▶ Directions:
In this exercise, return the whole listing exactly, excluding any images.

▶ Data section:
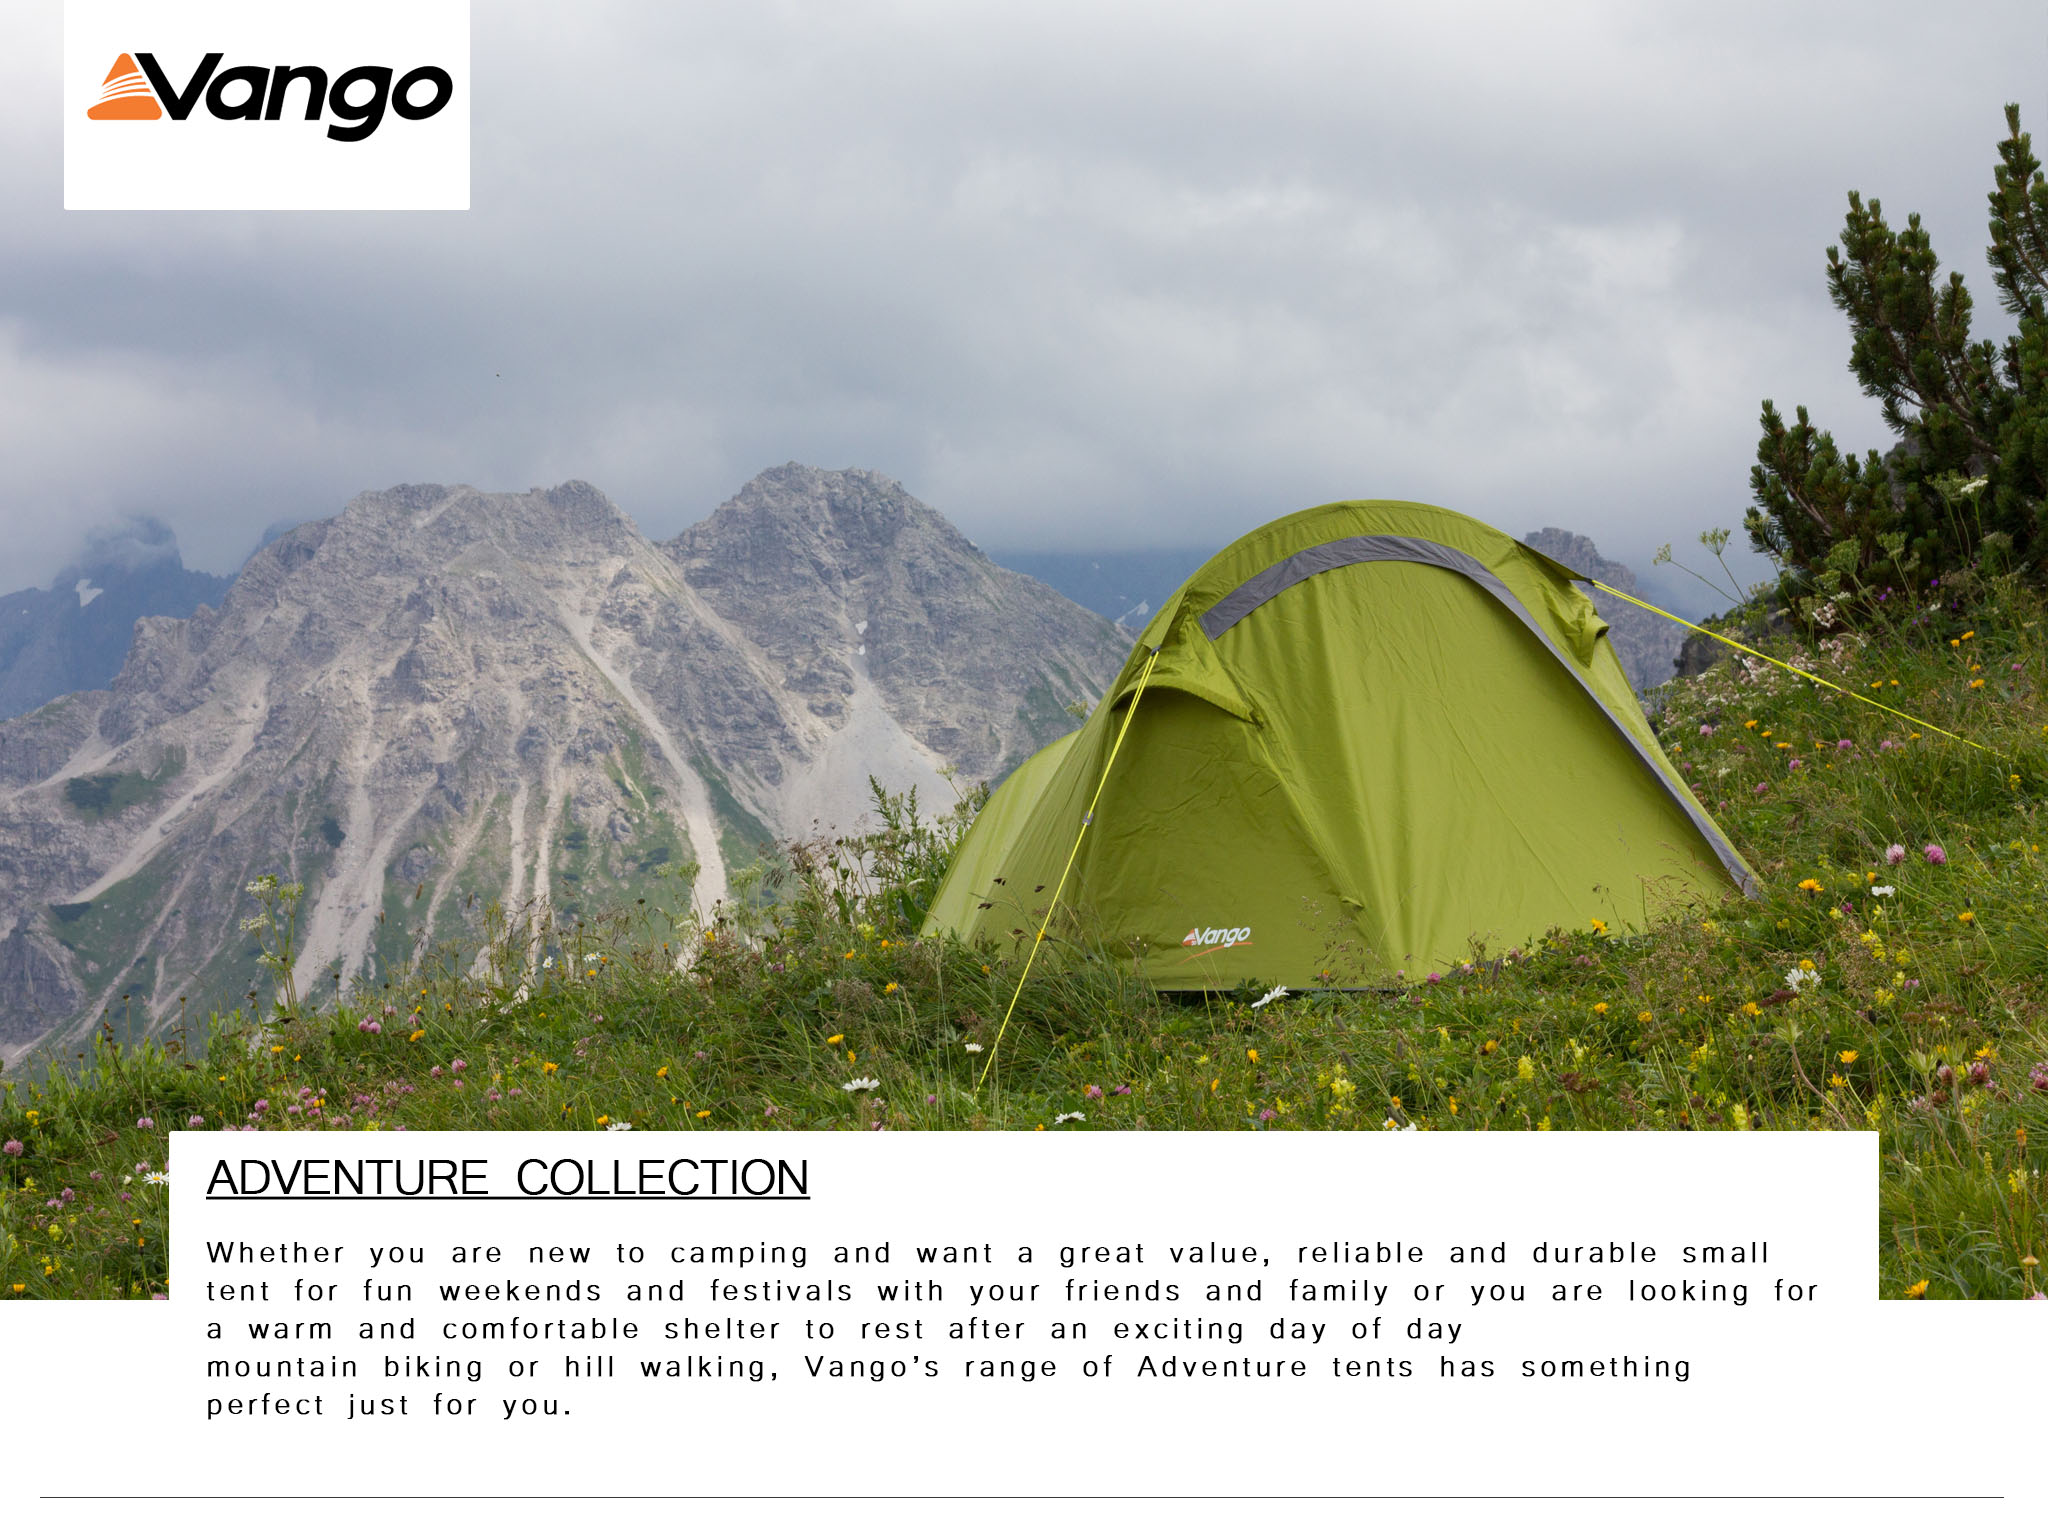 Vango Adventure Collection
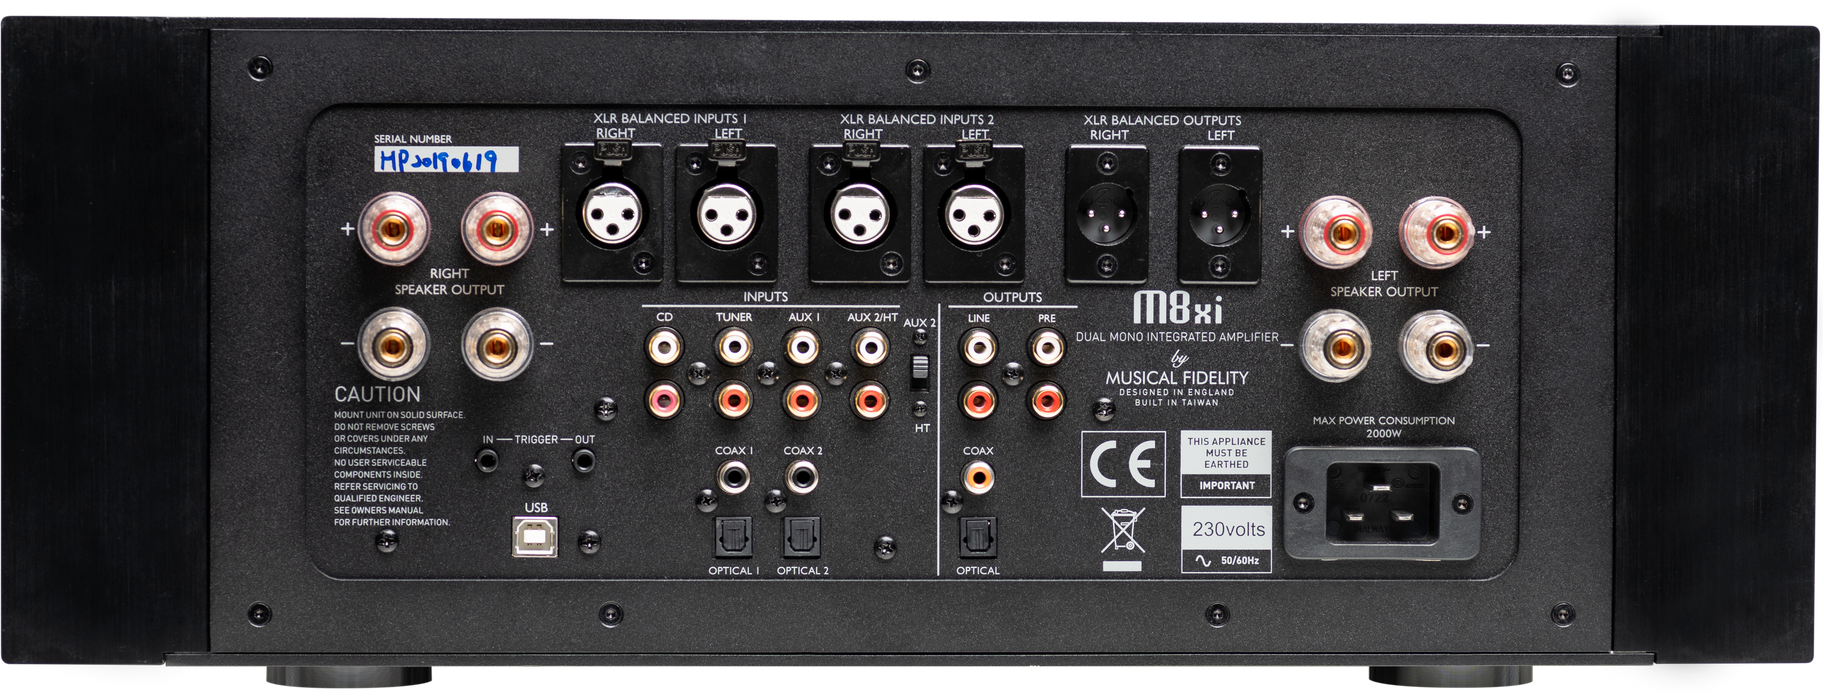 Musical Fidelity M8xi - Amplificateur stéréo intégré 550Watts/canal
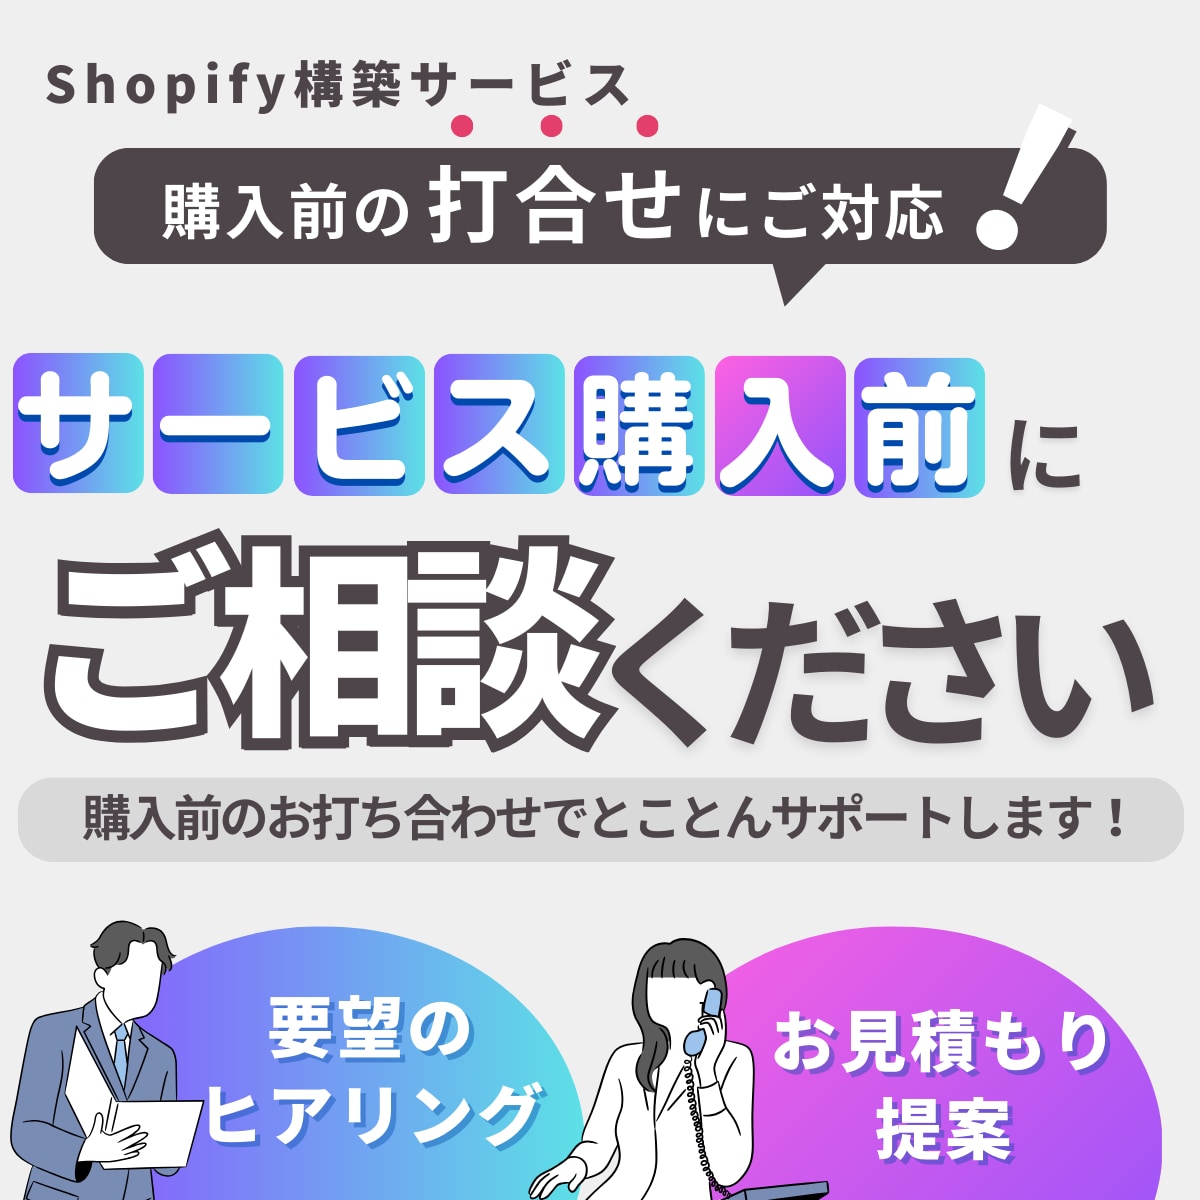 Shopify構築の購入前打ち合わせを行います 理想のECサイト制作へ向けて、プロの視点からご提案します。 イメージ1

▶ Output of the task:
 Vango Adventure Collection
 Musical Fidelity M8xi - Amplificateur stéréo intégré 550Watts/canal
 Shopify構築の購入前打ち合わせを行います 理想のECサイト制作へ向けて、プロの視点からご提案します。 イメージ1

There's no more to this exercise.